Busing mandates, facilities allocation, and district-drawing were all “complex policy decisions” faced by post-Brown trial courts … and I have no doubt that disentangling the government from promotion of fossil fuels will take an equally deft judicial hand.

The “variety of obstacles” she has in mind undoubtedly include the energy sector, modern transportation, and democracy, but whoever said the job of running the country from your judicial bench was going to be easy?

We need only recall the outstanding results wrought by all those “deft judicial hands” who managed busing, district-drawing, and school desegregation in the happy decades of the 1960s and ’70s.

Staton barely touches on how the courts are entitled to “step into the shoes of the political branches” except to say it’s justified “if those branches walk the Nation over a cliff.”

This is exactly why the Framers of the Constitution placed strict limits on the power of the federal Judiciary.

Judicial power going to people’s heads is just as real as the threat of the imperial presidency we’re forever being warned about.

It’s probably a greater a threat because there are so many more mischievous judges to worry about, as seen by the number of nationwide injunctions granted just since Inauguration Day 2017.

Judge Staton’s argument that federal judges are ideally equipped to weigh the “scientific and prudential considerations” needed to commandeer the nation’s energy policy falls flat in light of her own manifest credulity on the issue of climate “science.”

She believes everything, and questions nothing, of so-called climate experts’ highly questionable claims. She states as a matter of fact that the Juliana “Plaintiffs’ claims are based on science, specifically, an impending point of no return.”

She knows that the day is upon us “when the seas envelop our coastal cities, fires and droughts haunt our interiors, and storms ravage everything between.”

Juliana is only one of a “wave” of climate lawsuits proceeding on the basis “that climate science itself isn’t up for debate.”

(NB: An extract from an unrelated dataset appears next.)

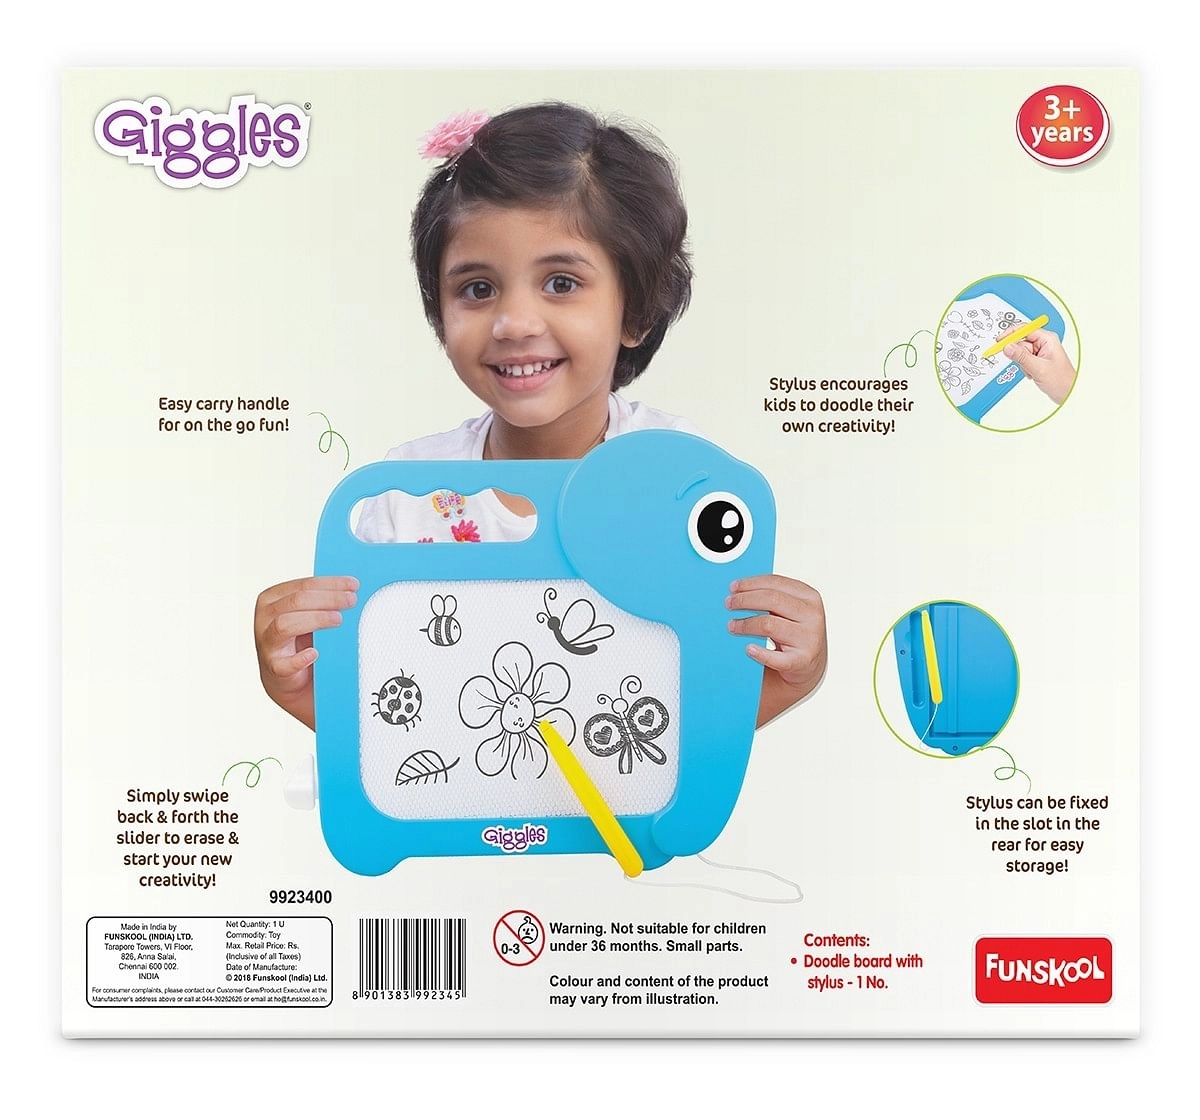 Giggles Mini Doodle Early Learner Toys for Kids Age 2Y+

Even when a court gets it right as a matter of law, as happened this time in Juliana,  widespread allegations that apocalyptic climate theories are “settled science” have a cumulative effect across the Judicial Branch.

It’s unavoidable to have judges making factual findings because it’s part of the job description.

But ill-informed and overreaching judges like Josephine Staton prove that, when it comes to something as critical as energy policy, the complex “scientific and prudential considerations” are best trusted to the American people.